Poiares Maduro: "Melhor forma de reduzir a austeridade passa por cumprir"

Logo nas primeiras intervenções que fez depois de entrar no Governo, Poiares Maduro repetiu a palavra consenso por inúmeras vezes. Esta noite, no Prós e Contras da RTP, o ministro-adjunto e do Desenvolvimento Regional optou por repetir inúmeras vezes a palavra cumprir.
 
“Se Portugal pode hoje pagar salários e pensões deve-o aos seus parceiros europeus. A verdadeira questão que o país enfrenta é se deve ou não continuar a cumprir com as suas obrigações”, disse Poiares Maduro no Prós e Contras da RTP.
 
“É cumprindo que conseguimos flexibilizar as condições do nosso processo de ajustamento, aliás como este governo tem conseguido. Conseguiu isso porque cumpriu. É cumprindo que Portugal tem peso para ir facilitando as condições do nosso processo de ajustamento”, repetiu Poiares Maduro, acrescentando que “a forma de negociar [os termos do programa de ajustamento] passa logo pelo nosso cumprimento”.
 
Depois de em várias das suas intervenções ter repetido que Portugal tem de cumprir para “ganhar credibilidade”, Poiares Maduro concluiu que a “renegociação do memorando de entendimento faz-se cumprindo” as metas e medidas inscritas no programa de ajustamento.
 
“Nenhum governo gosta de aplicar austeridade pela austeridade. A melhor forma de reduzir as medidas de austeridade passa por cumprir”, afirmou o ministro-adjunto e do Desenvolvimento Regional, considerando que Portugal está hoje em “em melhor posição de negociar” e que “sair do euro, para Portugal, teria consequências muito mais dramáticas”.
 
Para Poiares Maduro o poder de Portugal na Europa tem que ser exercido de uma forma inteligente, “que passa por cumprir”.
 
O ministro afirmou que Portugal pode utilizar essa credibilidade ganha na Europa para fazer pontes entre o Norte o e Sul da região. “Portugal, pela credibilidade que ganhou, cumprindo com as metas do programa, está numa situação particularmente bem colocada para estabelecer pontes entre o Sul e o Norte da Europa”.
 
“Vantagens” conseguidas “não são suficientes”
 
Ainda assim, Poiares Maduro admitiu que as vantagens conseguidas com esse cumprimento do programa de ajustamento “não são suficientes”.
 
“Pela credibilidade que atingimos, temos de tentar mudar as coisas, tentar que a Europa tenha políticas que combinem melhor a consolidação orçamental com o crescimento económico.
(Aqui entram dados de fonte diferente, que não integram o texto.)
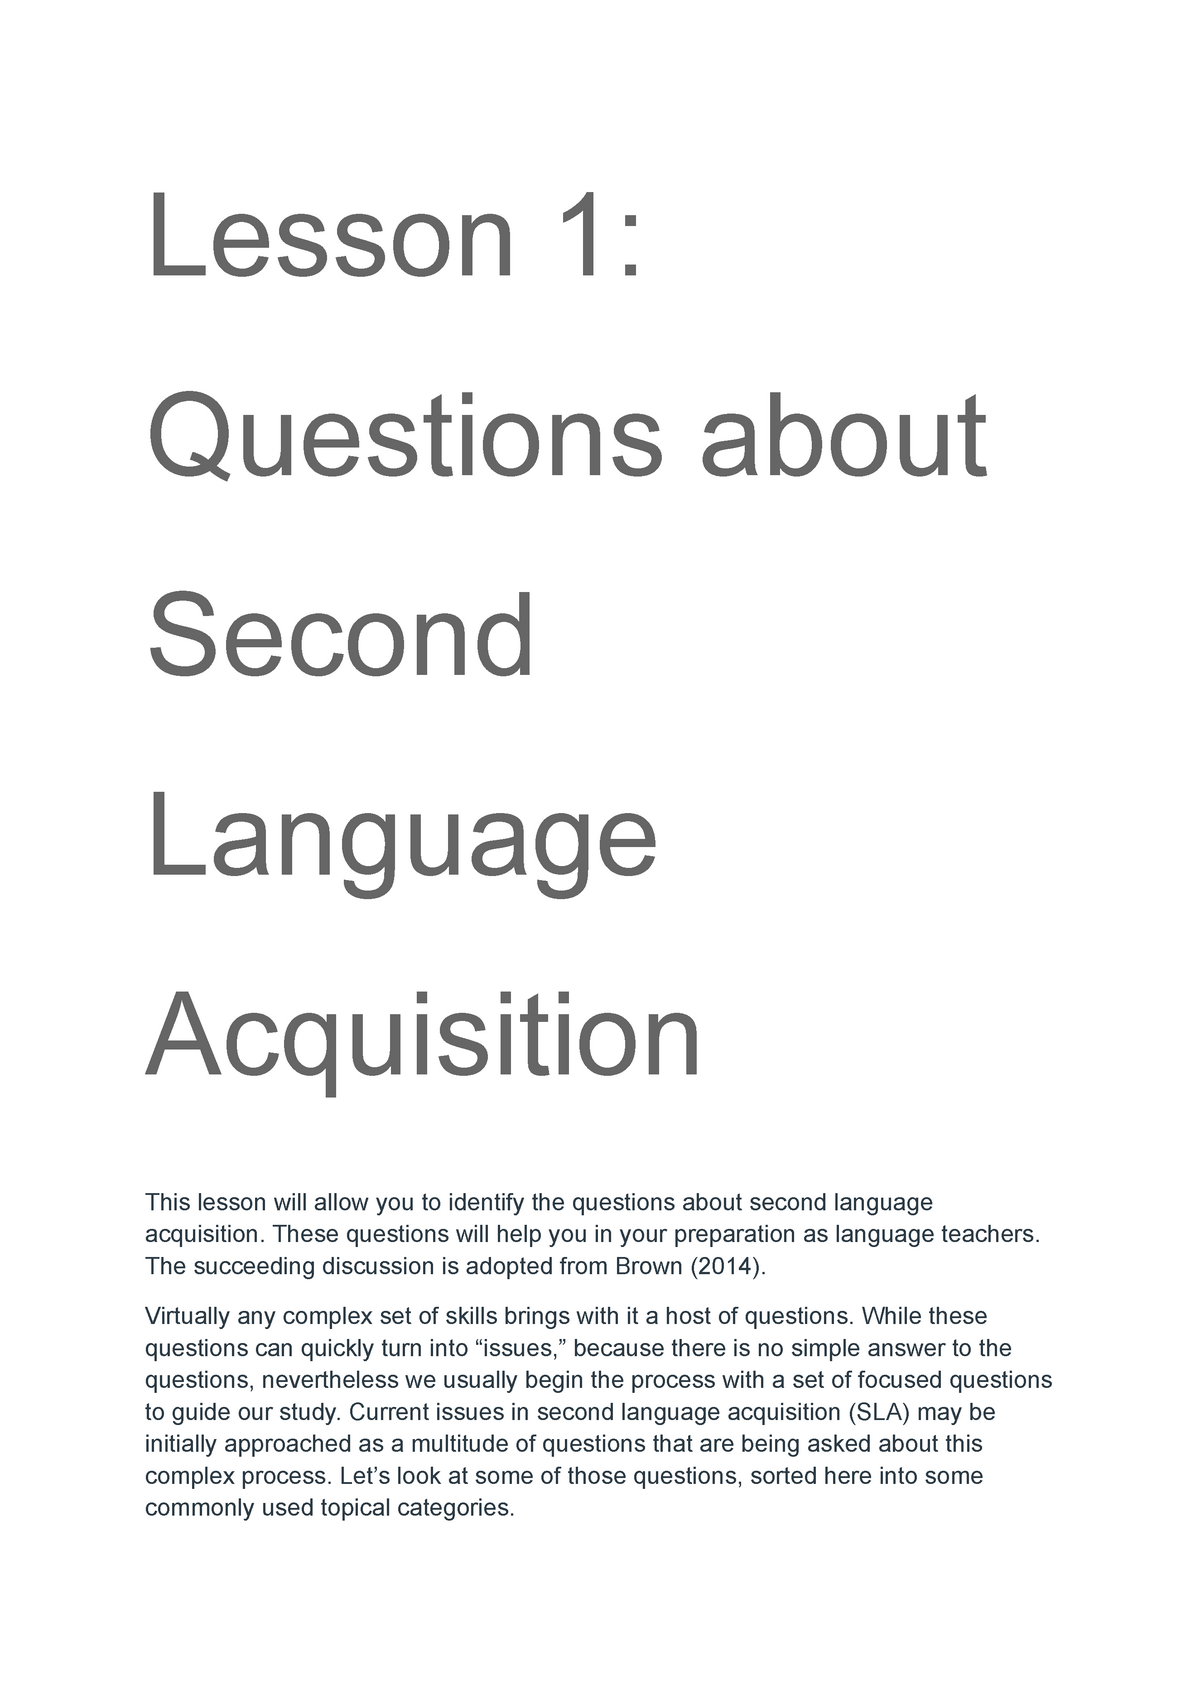 research questions about language acquisition

Combinem melhor a disciplina orçamental dos estados devedores com políticas mais expansionistas nos estados em melhor situação”, argumentou.
 
Considerou que “temos de assumir as nossas responsabilidades” e depois “mostrar aos outros Estados que vamos cumprir as nossas obrigações”.
 
“Temos que fazer corresponder à disciplina orçamental com a qual temos que cumprir e mostrar credibilidade e reivindicar que a Europa tem também que ter uma função importante, em termos de capacidade orçamental, capacidade financeira, para promover o crescimento económico, para facilitar o processo de ajustamento em estados como o português”, afirmou.
 
Contudo, a “melhor forma de exigir aos outros estados que cumpram com as suas responsabilidades é começar por cumprir as nossas. Colocarmo-nos numa posição em que estejamos em condições de reivindicar mais dos outros” Estados, afirmou o ministro, lembrando que “quem não tem cumprido está em situação pior do que Portugal”.